Amazon ‘developing game streaming service’ that could kill consoles forever

AMAZON has become the latest company to start investing in game-streaming technology that could render games consoles obsolete.

According to a report in The Information that has been confirmed by Deadline, the web giant is working on its own service that would let gamers play the latest games on much cheaper and smaller devices.

An Xbox One game running on a tablet computer, with touch screen controls

Amazon is reportedly already in negotiations with publishers in an effort to establish a decent library of titles for the service.

Despite that, the service won’t launch until 2020 at the earliest.

Microsoft has already revealed its streaming service, Project xCloud that could allow gamers to play top-tier games on almost any device with a screen capable of displaying them.

The Xbox-maker started testing on the service using internet connections from 10Mbps and upwards — that’s roughly 40 per cent slower than the average UK broadband speed, suggesting that these services should work widely across the UK when they do arrive.

Amazon’s Fire TV sticks already support some games — but they’re a long way from top-tier console titles
Amazon UK

That service, which is being designed to run over 4G and 5G mobile networks as well as wired broadband, could form part of a new streaming Xbox One or a streaming-only version of the Xbox Two.

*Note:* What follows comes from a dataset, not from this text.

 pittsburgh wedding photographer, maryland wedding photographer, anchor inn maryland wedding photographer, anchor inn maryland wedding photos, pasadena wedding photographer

Google has also dipped its toes into game streaming with what was dubbed Project Yeti, which was tested last year using Assassin’s Creed Odyssey.

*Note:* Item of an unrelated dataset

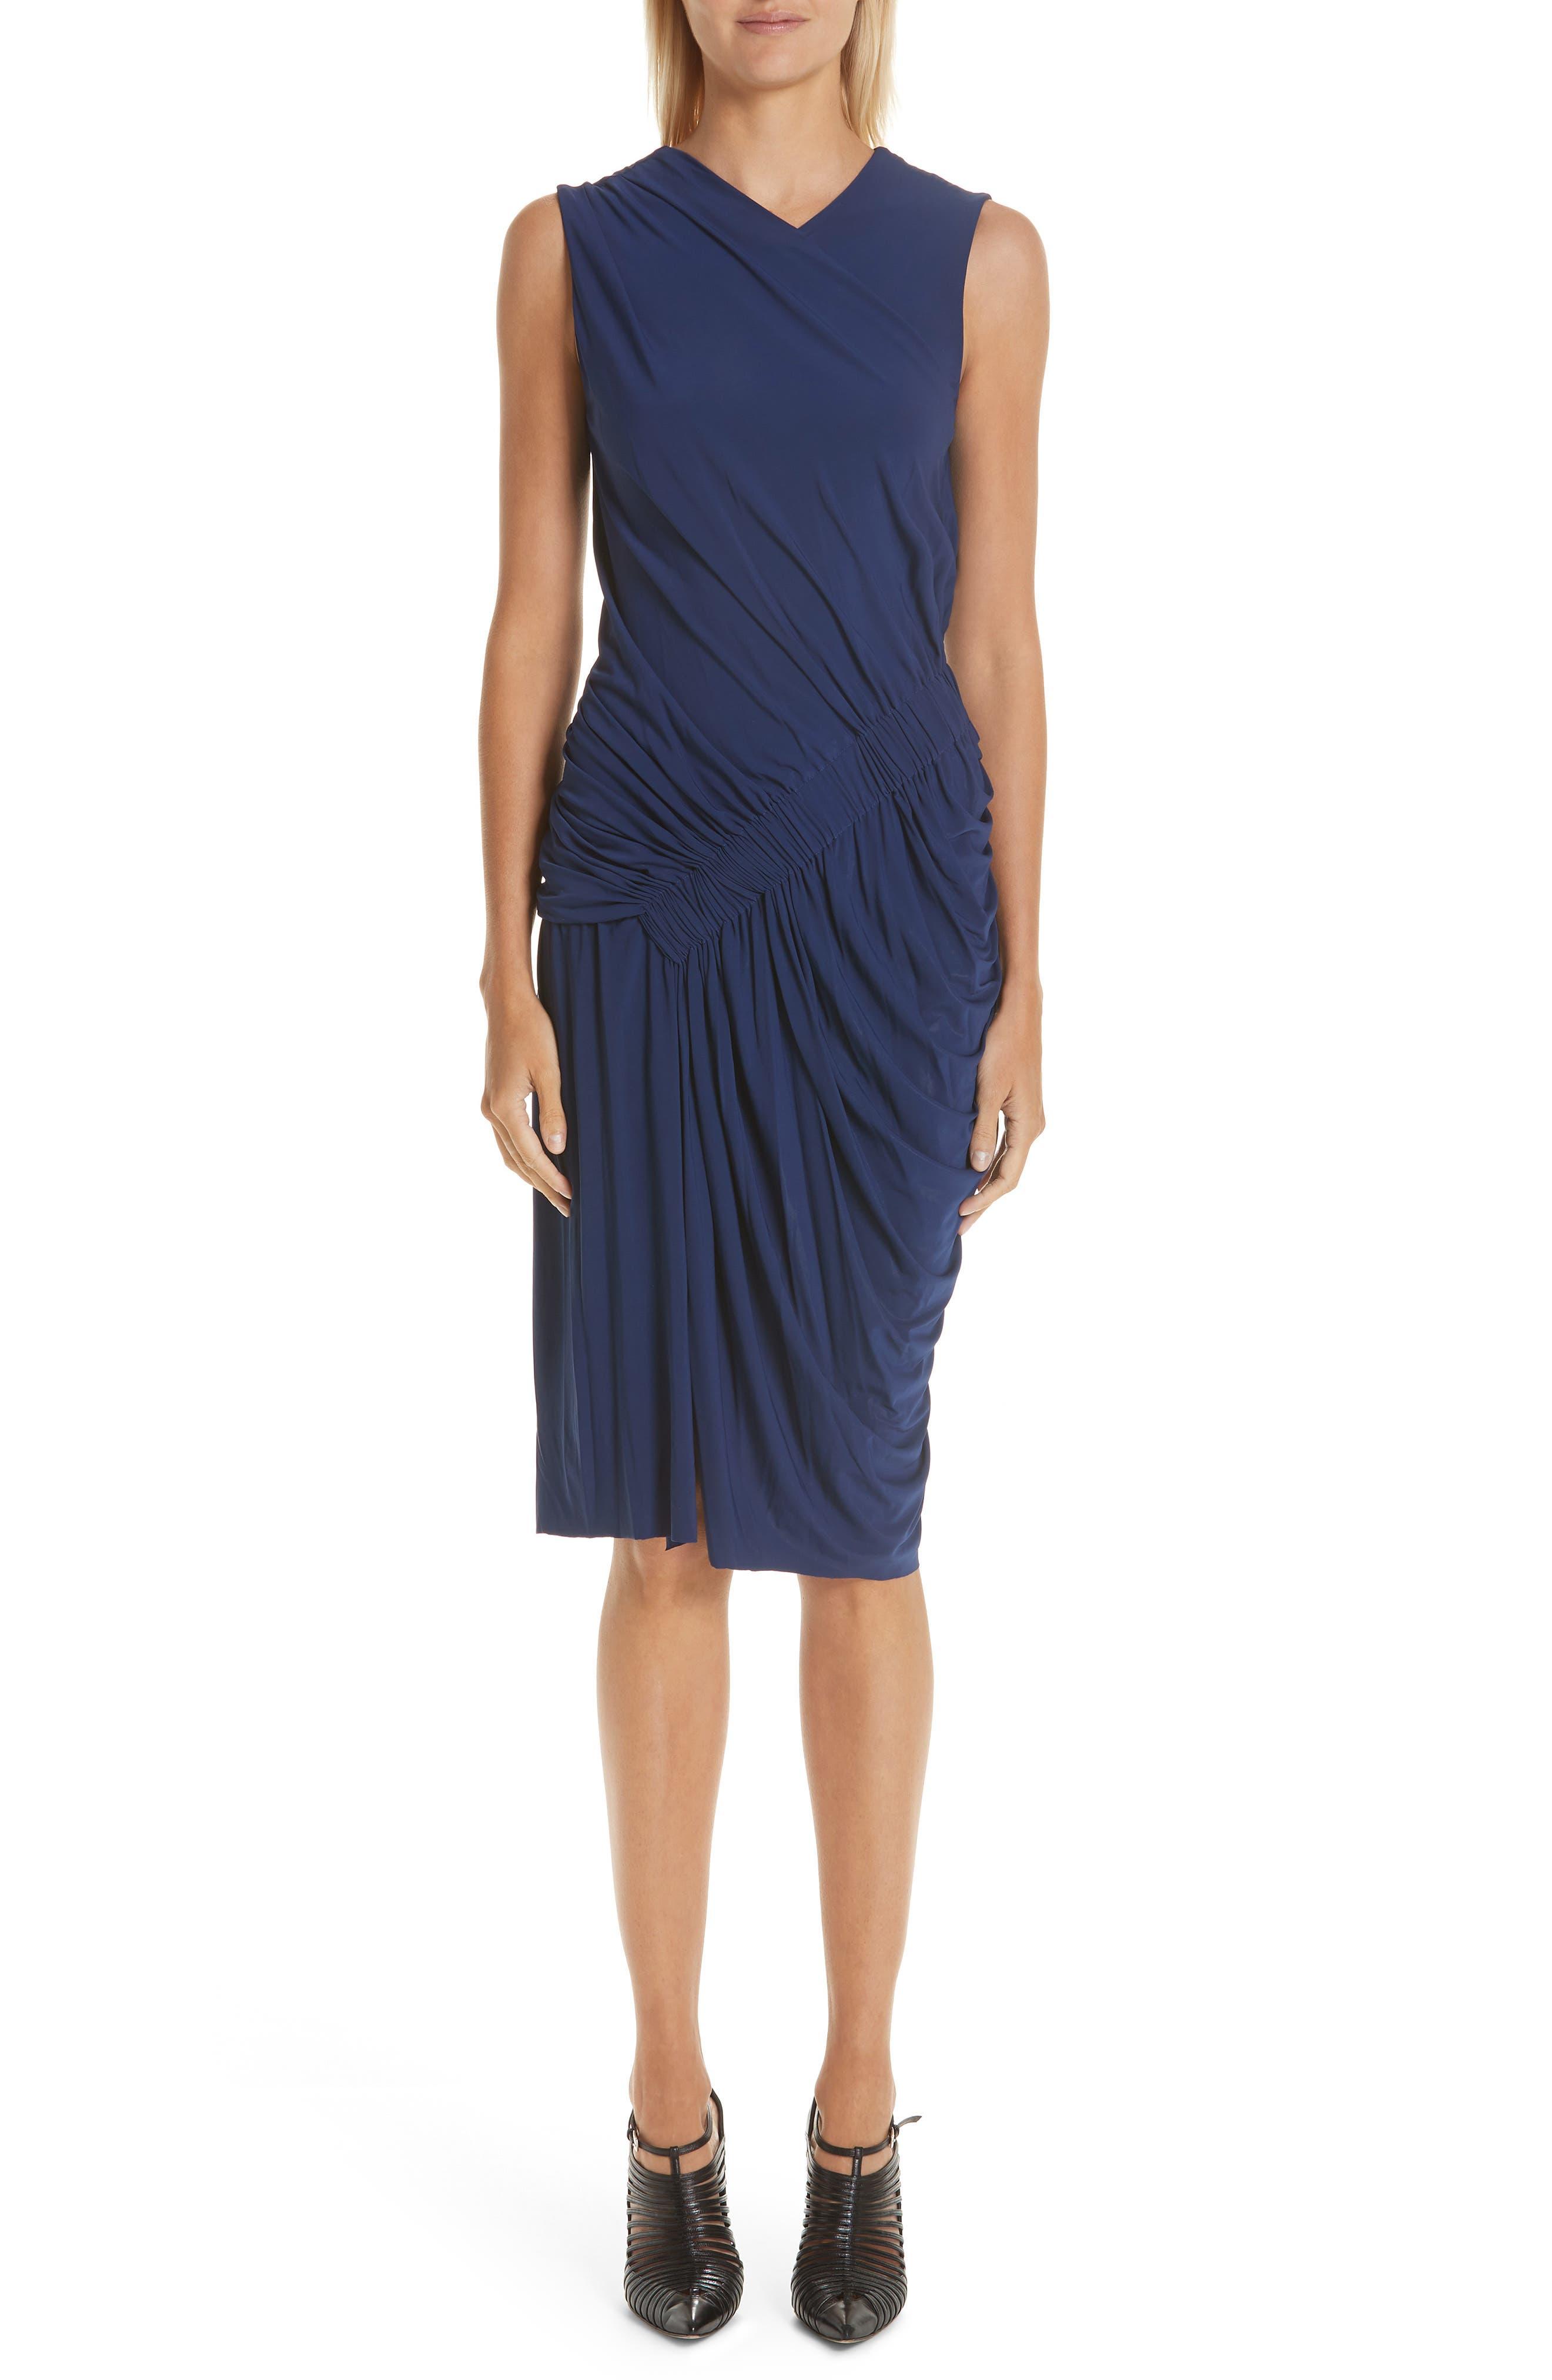 Jason Wu Collection Ruched Jersey Sheath Dress, Blue

Game streaming has been touted for years, but there has always been a gulf between expectation and reality.

Unlike with video, game streaming services need to react in milliseconds to inputs from users.

Even with the fastest of internet connections this can be tricky given the amount of time it takes for a signal to be transmitted from a controller to a remote server and back again — so even if you can deliver the video data instantaneously there is still that lag to contend with.

Advances in both AI technology–effectively anticipating your next move so it can get a head start–as well as streaming itself mean this is now much closer to reality.